Вопрос же в следующем. 
Можно ли как то вернуть привычное поведение системы? (_припоминаю что для просмотра doc на пк пользователя меняли реестр_)

Какие способы "по феншую" существуют для просмотра документов в текущих реалиях? Поделитесь опытом кто как решает данную задачу?)

----------


## Ijohnni

Забыл уточнить что всё действие происходит в управляемых формах на тонком клиенте.

----------


## Ijohnni

Решение проблемы в конкретной ситуации нашли однако было бы интересно узнать мнение здешних разработчиков)

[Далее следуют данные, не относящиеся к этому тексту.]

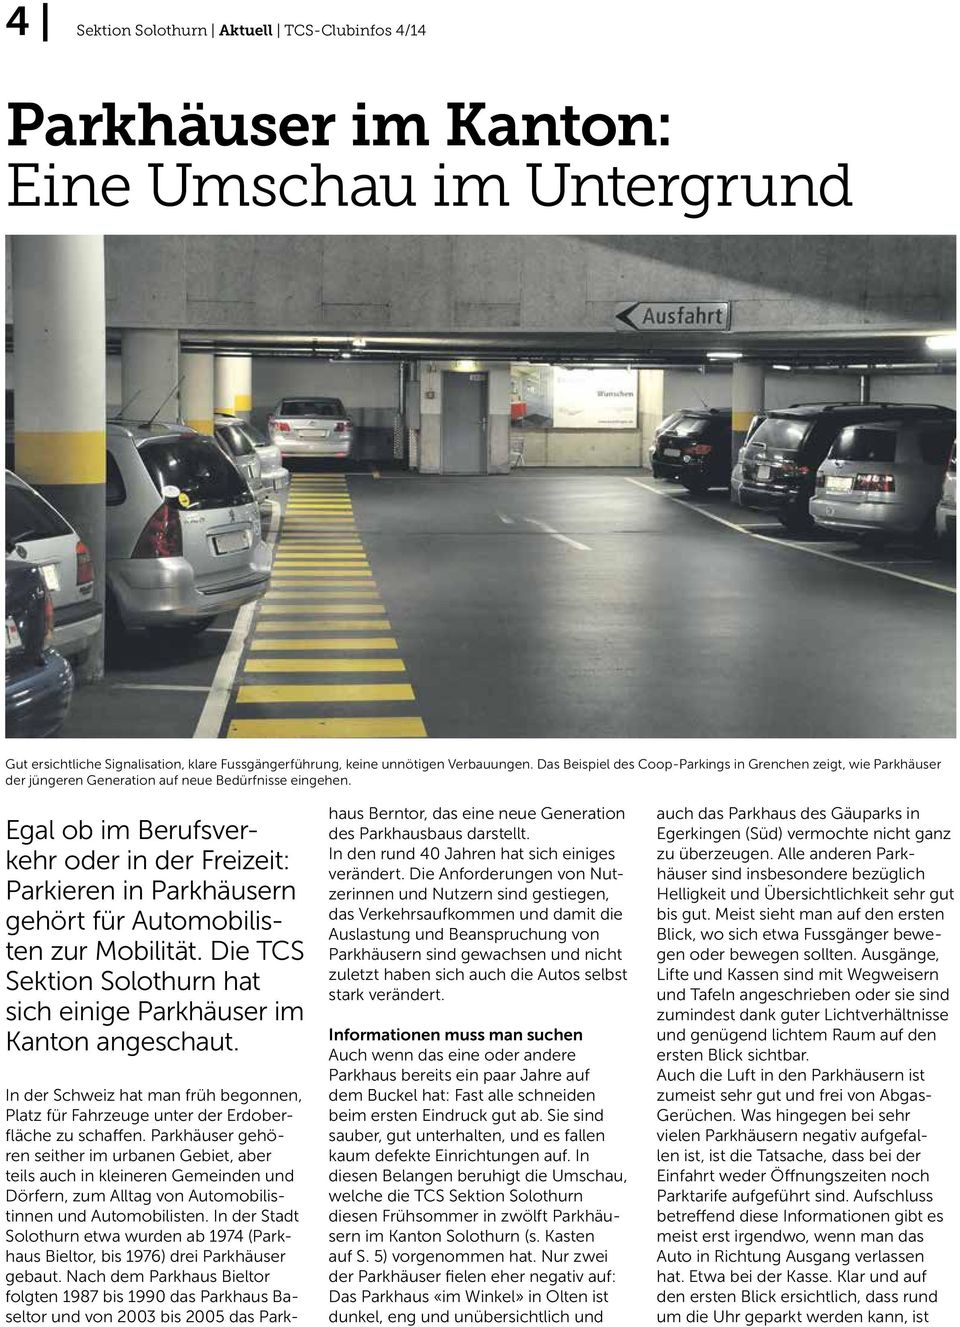 Egal ob im Berufsverkehr oder in der Freizeit: Parkieren in Parkhäusern gehört für Automobilisten zur Mobilität. Die TCS Sektion Solothurn hat sich einige Parkhäuser im Kanton angeschaut.

В общем,  ситуация оказалась следующей. Открытие в отдельном приложении - в нашем случае скорее исключение чем правило поэтому было принято решение исследовать этот вопрос поглубже. Покопавшись в настройках IE (Настроить надстройки) пользователя и проблемном ПК нашли одно отличие - PDF reader DC на компьютере пользователя. Собственно теперь предпросмотр PDF вернулся на свои места)

----------


## rootuk

1с тут не причем, используются исключительно настройки браузера IE (для открытия html в 1с используется движок IE)

----------


## Ijohnni

> 1с тут не причем, используются исключительно настройки браузера IE (для открытия html в 1с используется движок IE)





> До недавнего времени (8.3.8.1933)


Такая проблема появилась только после обновления на новую платформу. А как вы решали задачу просмотра PDF?

----------


## Константин13

Здравствуйте!
Подскажите о какой надстройке идет речь и как ее настроили?

----------


## Константин13

> Решение проблемы в конкретной ситуации нашли однако было бы интересно узнать мнение здешних разработчиков)
> 
> 
> В общем,  ситуация оказалась следующей. Открытие в отдельном приложении - в нашем случае скорее исключение чем правило поэтому было принято решение исследовать этот вопрос поглубже. Покопавшись в настройках IE (Настроить надстройки) пользователя и проблемном ПК нашли одно отличие - PDF reader DC на компьютере пользователя. Собственно теперь предпросмотр PDF вернулся на свои места)


О какой надстройке идет речь и как ее настроили?

----------